Ecclestone remarked at the time: "You know I've got one of those wonderful ideas...women should be dressed in white like all the other domestic appliances."

Meanwhile, Ecclestone has applauded old adversary Ron Dennis for making the right call in keeping faith with Jenson Button.

Ecclestone has rarely seen eye to eye with Dennis in the past, but on Thursday McLaren's Group CEO finally made Formula One's supremo smile with one of his decisions.

After months of deliberation, Dennis confirmed Button would remain on board with the team for another two years as partner to fellow world champion Fernando Alonso who has signed a three-year deal.

Given Button's high profile within the sport, and the exposure he helps generate, Ecclestone said: "Jenson's going to be there, which is good isn't it? He's the right guy.

"He's well known, gets the job done in the end. He still delivers."

Delivering on the faith shown in him is exactly what Dennis is firmly expecting of a driver who next year will be competing in his 16th F1 campaign.

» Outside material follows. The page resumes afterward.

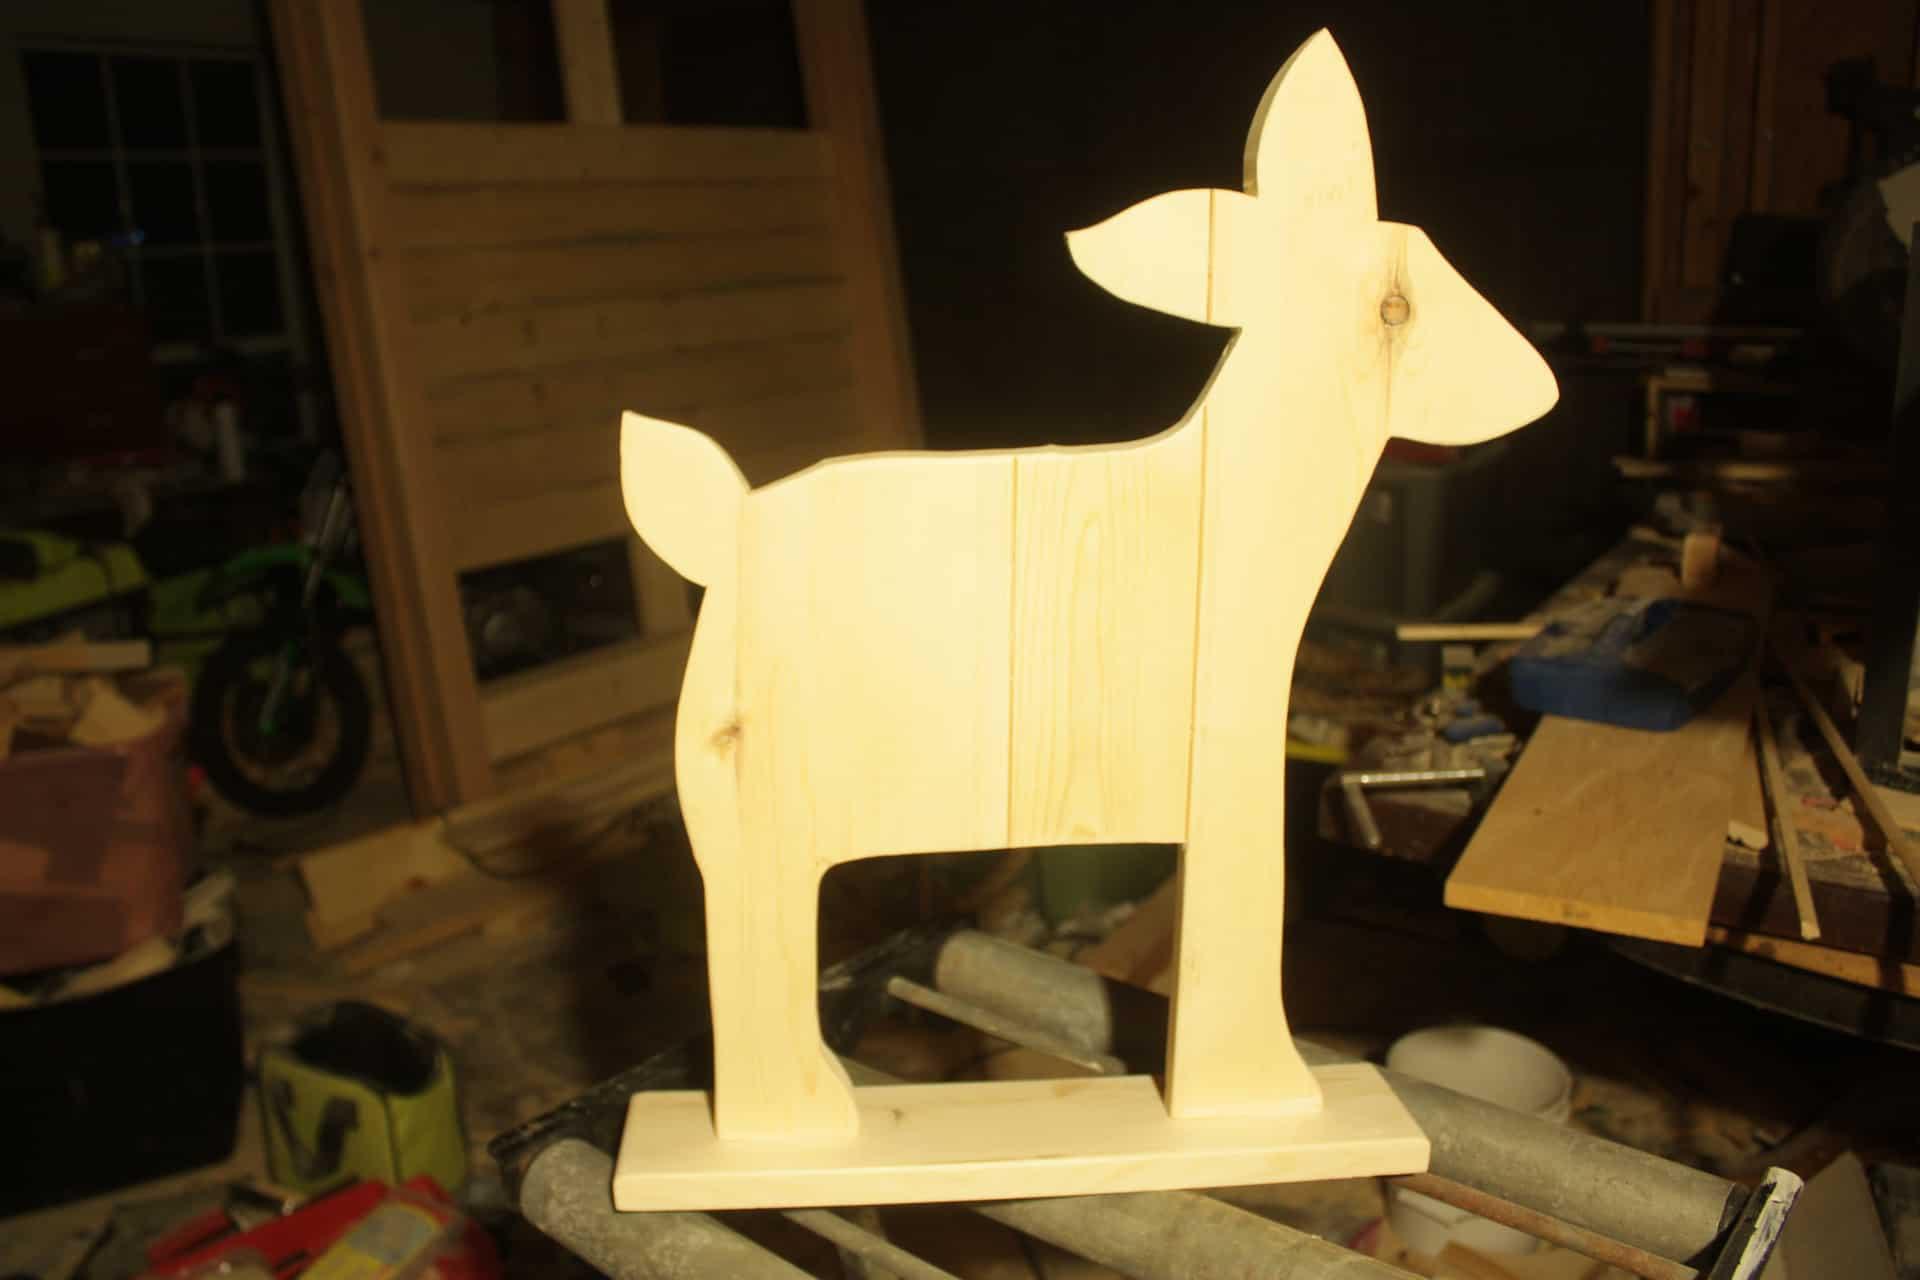 Building the DIY wood deer decor

In preferring the experience of 34-year-old Button over the youth of 22-year-old Dane Kevin Magnussen, who has been retained as McLaren's test and reserve driver, Dennis pulled no punches.

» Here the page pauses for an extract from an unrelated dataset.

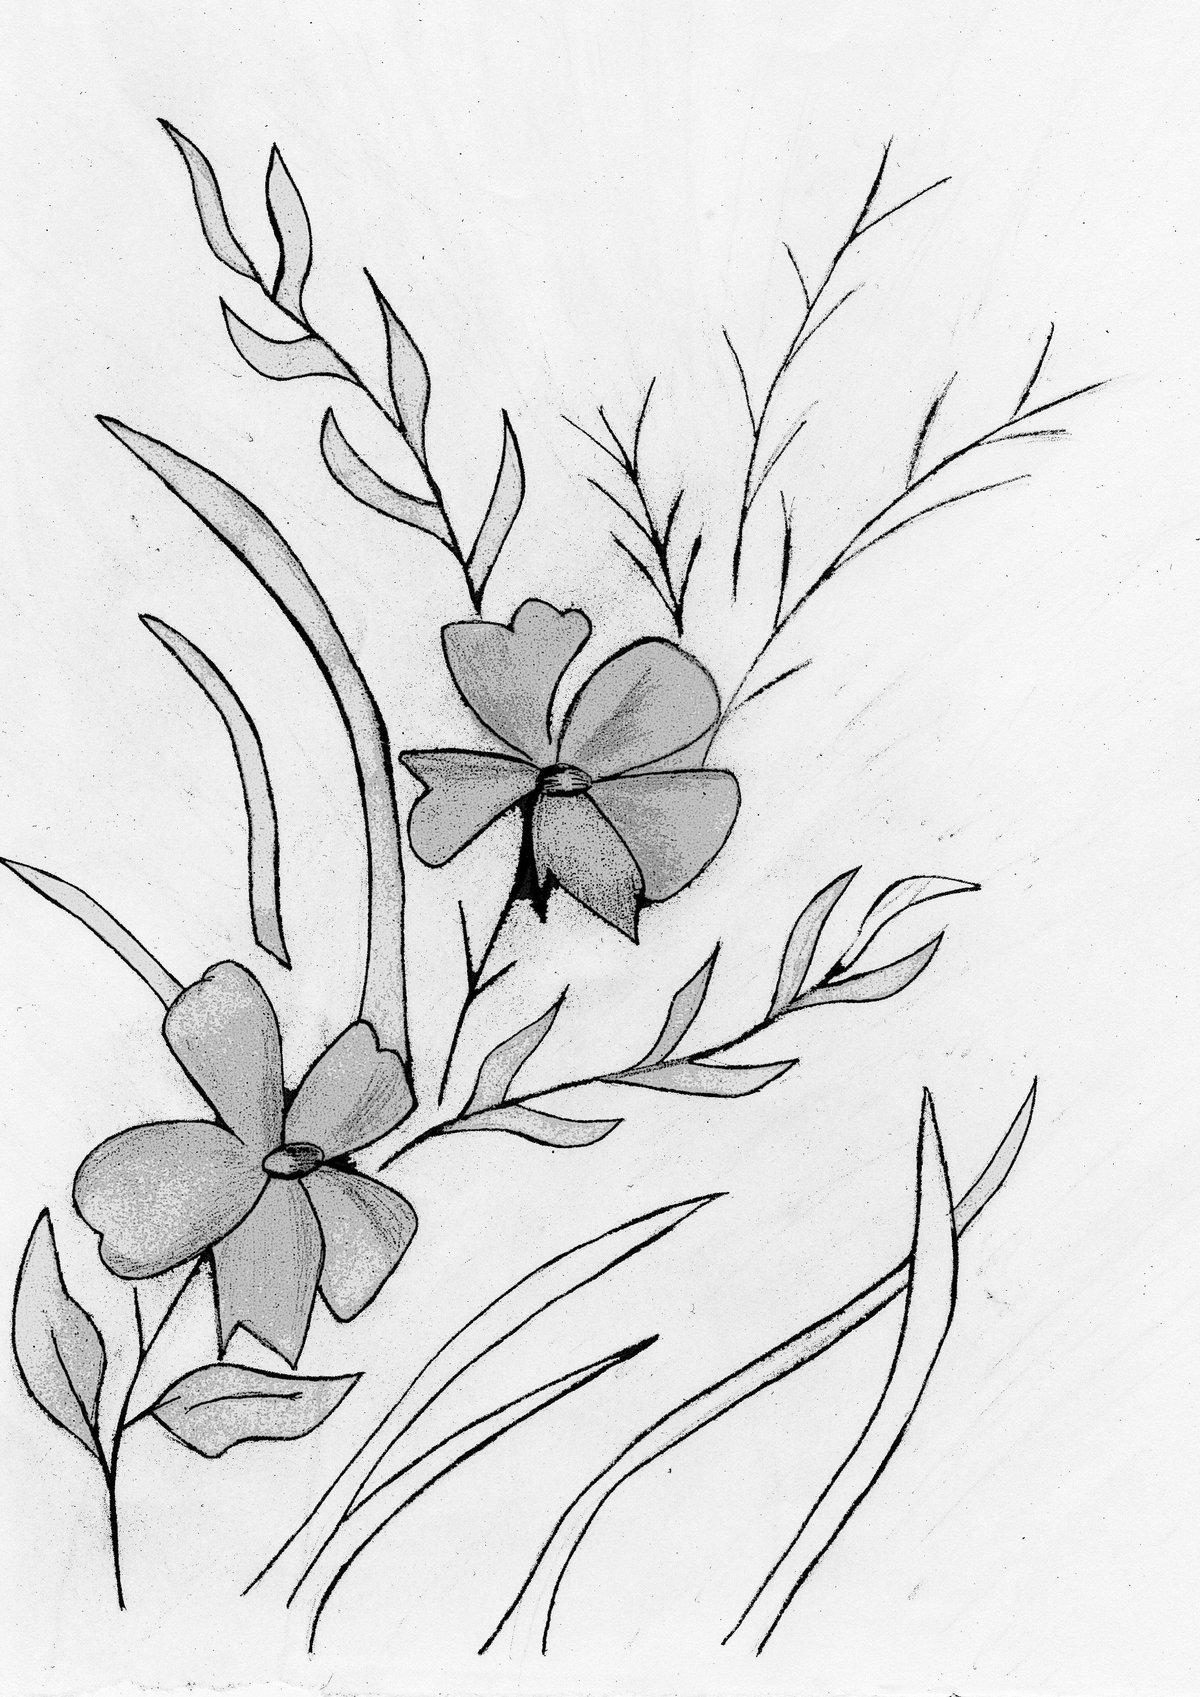 Картинки рисунки цветы карандашом, летием сына

"He has no reason now not to get the job done - no reason," asserted Dennis, who has confirmed leaning towards Magnussen before switching to Button.

"There was a turning point for me strangely, a conversation that took place between Jenson and me after the race (the final grand prix of the season in Abu Dhabi).

"It was in contrast to the previous month and re-energised my belief Jenson really wants to be in a Formula One car, and that he can kick Fernando's butt."